Study challenges theory of plate tectonics

By The State Coloum

A recent study suggests that a new explanation for plate tectonics – the motion of the Earth’s crust plates – may be needed, according to a NASA press release.

Plate tectonics have been responsible for some of nature’s most amazing visuals. Plate tectonics have contributed to the development of the Himalayas, the Swiss Alps and The Andes, the United States Geological Survey posits.

Unfortunately, plate tectonics have also caused some of Earth’s deadliest natural disasters, such as earthquakes and volcanic eruptions.

A NASA-sponsored researcher believes that a stratum of halfway molten rock approximately 22 to 75 miles below the Earth’s surface is not the only instrument that gives continents the ability to shift their position over millions of years.

“This melt-rich layer is actually quite spotty under the Pacific Ocean basin and surrounding areas, as revealed by my analysis of seismometer data,” says Dr. Nicholas Schmerr, a NASA Postdoctoral Program fellow, in a statement.

“Since it only exists in certain places, it can’t be the only reason why rigid crustal plates carrying the continents can slide over softer rock below,” Mr. Schmerr adds.

Mr. Schmerr, who works at NASA’s Goddard Space Flight Center in Maryland, is the author of a study on this research that appeared in a March 23rd issue of the journal Science.

During the course of more than four billion years, the processes of plate tectonics have moved continents many thousands of miles. Along the way, mountain rages have been created out of continental collisions and valleys and oceans have been created when continents were ripped apart.

Scientists also believe that continental drift may have contributed to climate change by altering the currents in the ocean and atmosphere.

Many details of plate tectonics are known while many are still a mystery. The extraneous layer of Earth, known as the lithosphere, is made up of the crust and a bottom layer of cool and rigid mantle. The lithosphere is thickest beneath continents.

Below the lithosphere is the asthenosphere, which is a layer of rock that is lethargically deforming. Heat in the Earth’s core warms mantle rocks above. The rocks in the mantle rise and sink depending on their temperature respective to their surroundings. This movements causes the continental plates to shift.

Up until now, however, scientists have been unable to explain how the lithosphere moves freely of the asthenosphere.

“Something has to decouple the crustal plates from the asthenosphere so they can slide over it,” says Mr. Schmerr.

“Numerous theories have been proposed, and one of those was that a melt-rich layer lubricates the boundary between the lithosphere and the asthenosphere, allowing the crustal plates to slide. However, since this layer is only present in certain regions under the Pacific plate, it can’t be the only mechanism that allows plate tectonics to happen there. Something else must be letting the plate slide in areas where the melt doesn’t exist,” he adds.

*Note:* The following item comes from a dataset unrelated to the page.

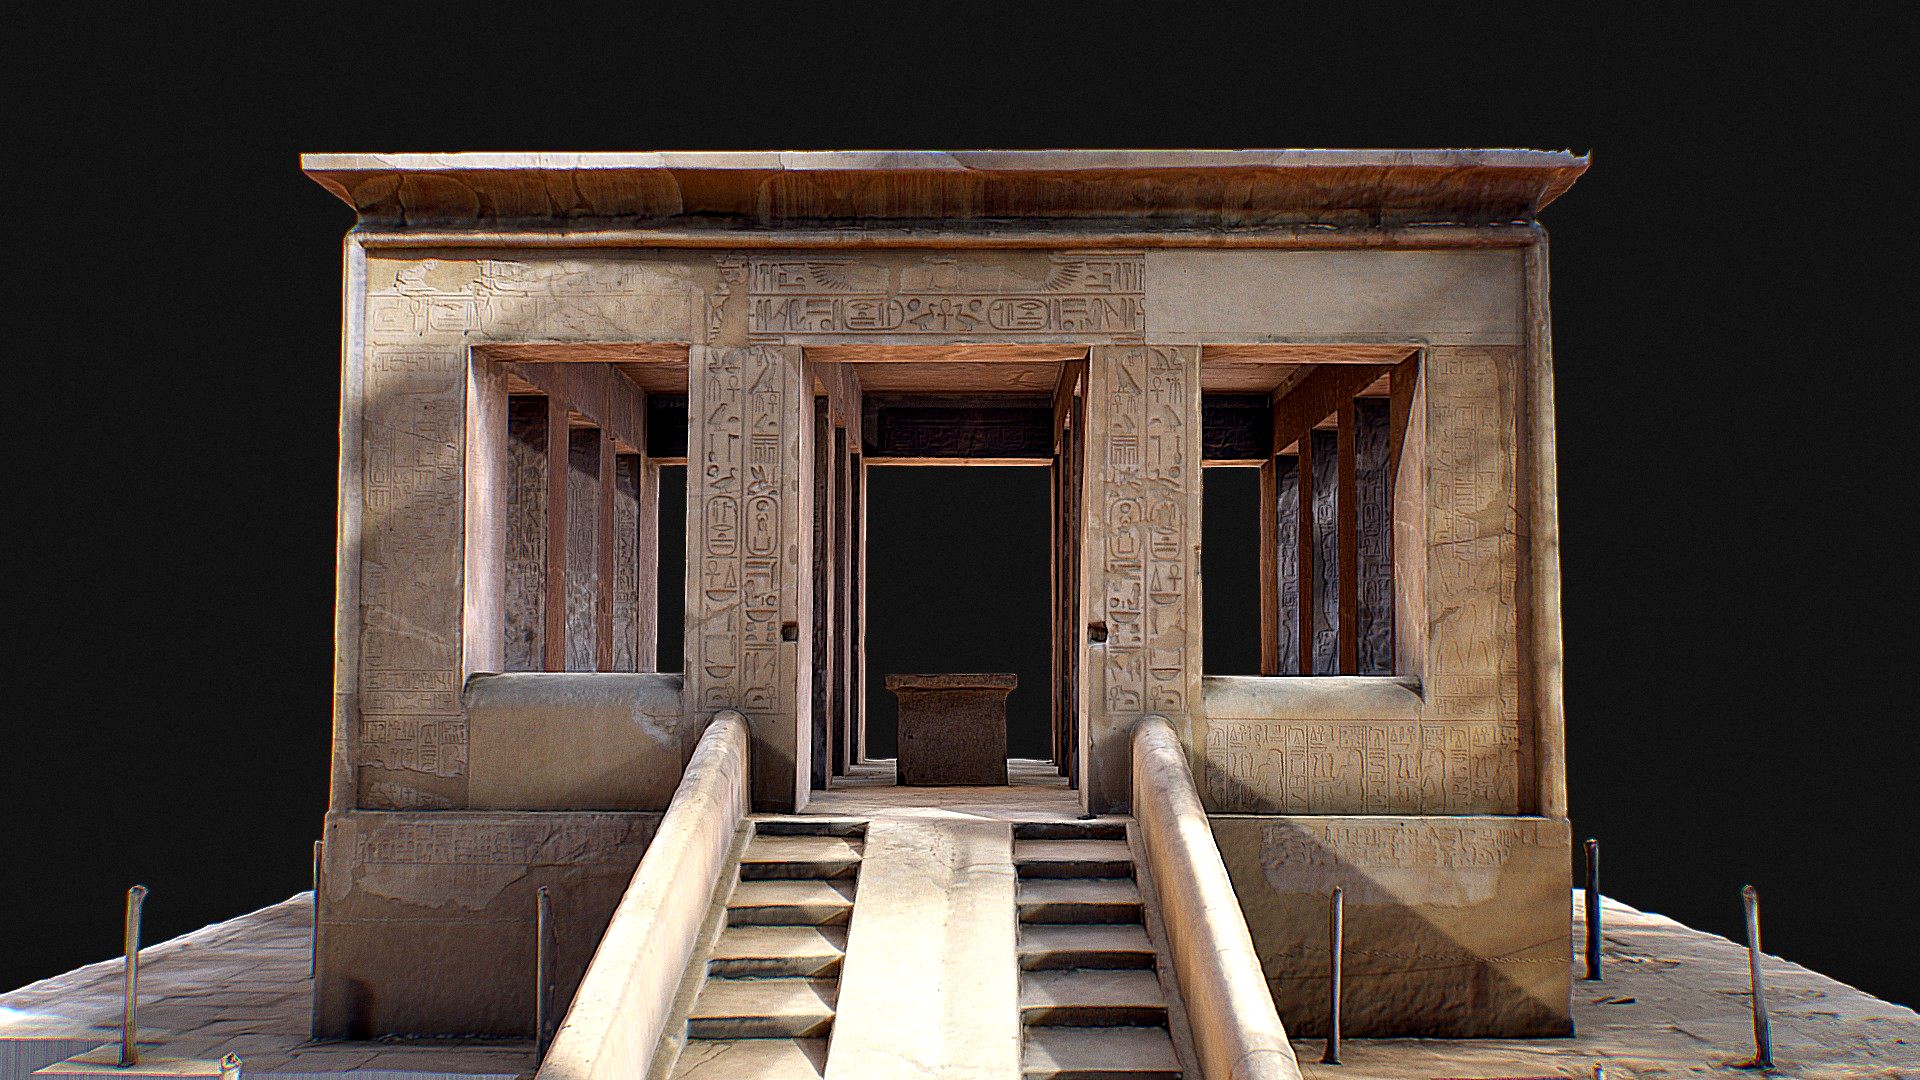 The White Chapel of pharaoh Senusret I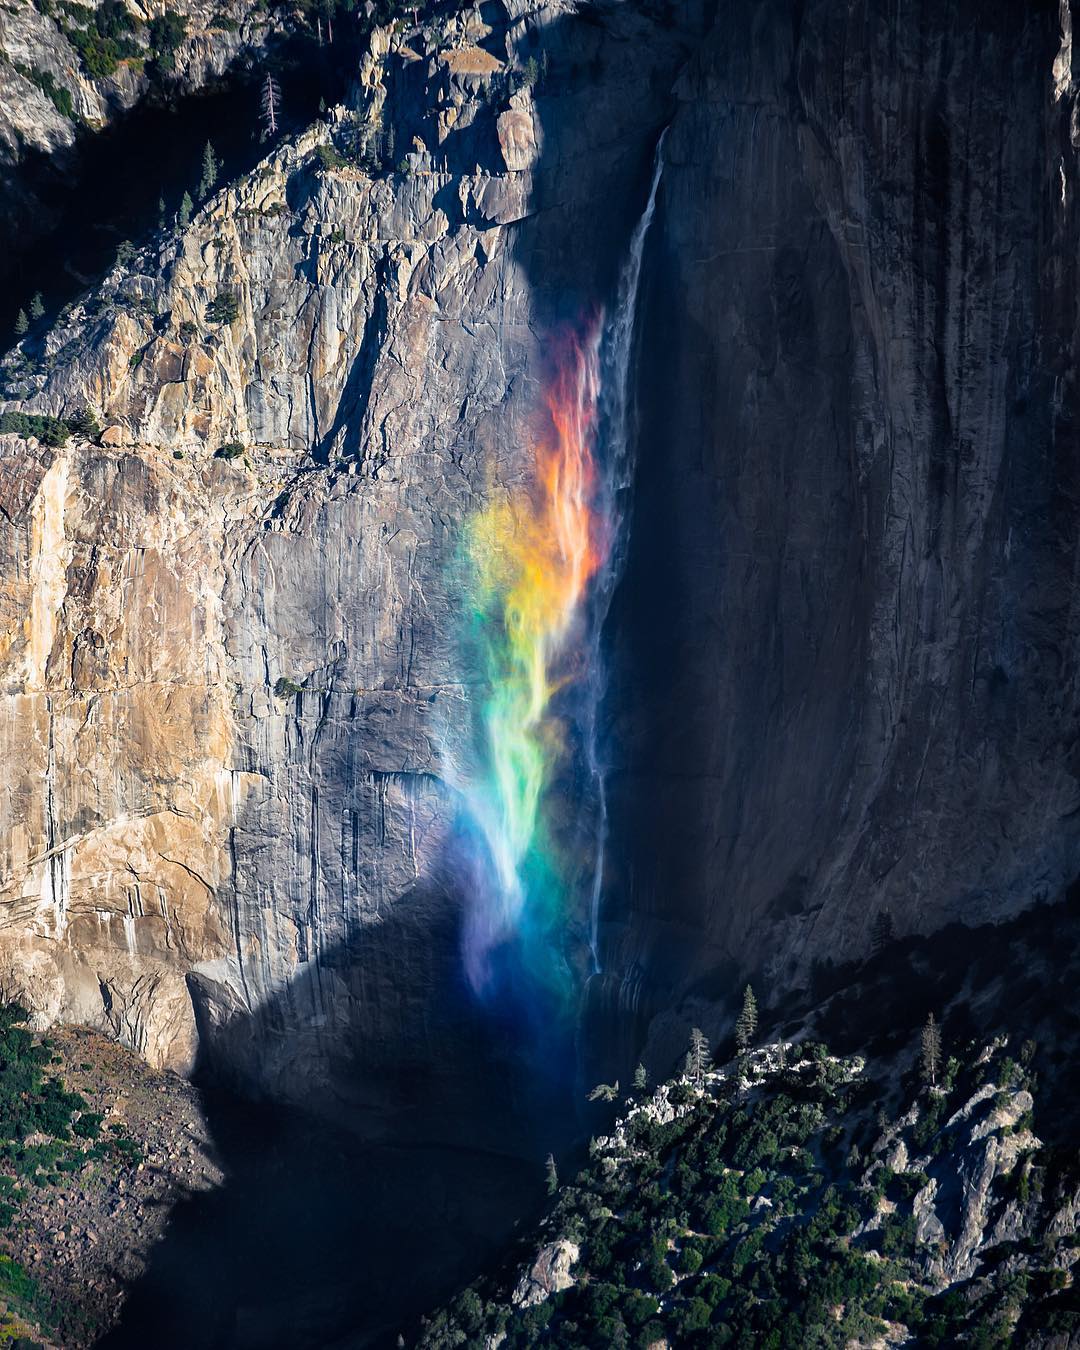 Waterfall splashes created a rainbow.

According to the Carnegie Institution, Mr. Schmerr is referring to the lithosphere-asthenosphere boundary (LAB), which represents the transition from the hot asthenosphere to the cold and stiff lithosphere.

In studies of seismic waves moving across the LAB, scientists have found that seismic waves have higher wave speeds in the lithosphere and lower wave speeds in the asthenosphere. In a boundary referred to as the Gutenberg discontinuity (named after Beno Gutenberg), seismic waves slow down by as much as 5 to 10 percent.

The introduction of water to the rock and small variations in composition, temperature, or the grain size of mineral in this region may allow for the decoupling of crustal plates from the asthenosphere, but the data to confirm these theories is not ready for examination.

Mr. Schmerr posited that a different explanation for plate tectonics may be needed after looking at the arrival times of earthquake waves at seismometers throughout the world. S-waves, one of the kinds of waves produced by earthquakes, will spring or rebound off material interfaces inside the Earth. S-waves will appear at seismometers at varying times based on where they connect with these interfaces.

Mr. Schmerr was able to calculate the depth and seismic properties of melt layers under the Pacific Ocean basin by looking at the arrival times, heights, and forms of the primary and melt-layer-reflected waves at different locations. An S-wave that confronts a deeper melt layer at the lithosphere-asthenosphere boundary will arrive earlier to the seismometer, because it travels a shorter route.

“Most of the melt layers are where you would expect to find them, like under volcanic regions like Hawaii and various active undersea volcanoes, or around subduction zones – areas at the edge of a continental plate where the oceanic plate is sinking into the deep interior and producing melt,” Mr. Schmerr posits.

“However, the interesting result is that this layer does not exist everywhere, suggesting something other than melt is needed to explain the properties of the asthenosphere,” he professes.

Mr. Schmerr believes that water may be a key ingredient to explaining how plate tectonics work. He cites Venus as an example of a planet that lacks oceans and has no attestations of plate tectonics.